Brother to a Dragonfly

Will Campbell was a new author to me. A friend had recommended I read this book long ago. In a conversation over dinner at our house one night, he started talking about this fellow preacher whom he had worked with long ago on civil rights issues in the South. This friend made it sound like an every day occurrence to spend time exploring civil rights down there, like it was just what you did. Since I was born in the '60's, my Civil Rights knowledge centers on book learning and my own adult explorations, and less on sitting on someone's back porch devising creative ways to fight discrimination nonviolently amidst some of the thickest KKK lands in the South. Ahem. I knew this book would give me a little more insight but not necessarily how much.

What I appreciated the most about this text is the voice: Campbell's writing sounds just like he is telling the story, from childhood to the death of his brother later in their adult lives. It is through his words that I came to identify the daily swept yard area between the house and the field, the deep, abiding love of a brother, and the trials and actions of a preacher who finds his own way of holding compassion for both the African Americans and the members of the KKK. His story weaves through the young brothers' early lives, when the boys learned about death the natural way of seeing a dead neighbor's body.
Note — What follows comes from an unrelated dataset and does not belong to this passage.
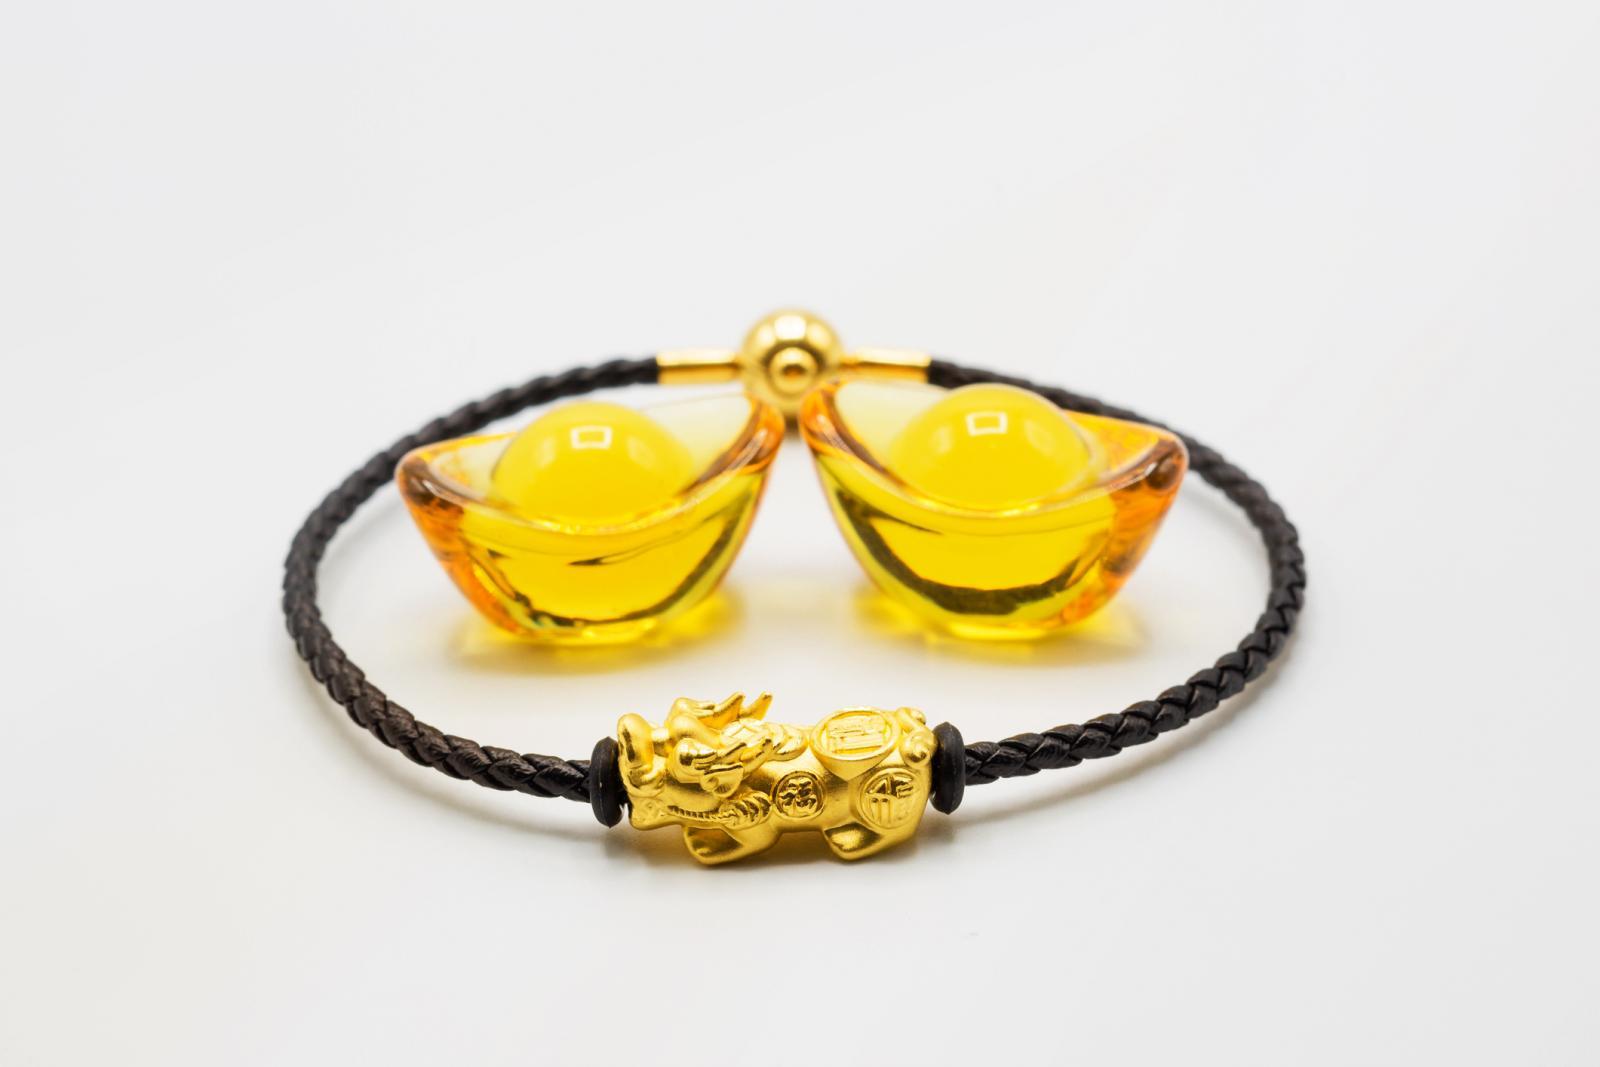 Pixiu de oro con pulsera negra

It ties in transitions, like college and the Civilian Conservation Corp and how he came to identify as a preacher. But to me, it was the subtle truth of social justice that simply lived in Campbell's veins that most held me in the book. The story held me and filled in many missing puzzle pieces of my understanding of the people who lived in that treacherous time.

Alysa is in the midst of reading The Help. I found it nothing short of ironic and everything if not an opening when she began to read to me a short section of that text. After she finished talking about her amazement of racism as represented in Kathryn Stockett's book, I smiled, moved over next to her with Brother to a Dragonfly and entered the lovely door of book conversation with her. How timely was that!

1 comment:

  1. You are doing your own Book Flight! What a great home version of book club. Thanks for the book ideas. I want to borrow the book when you're done.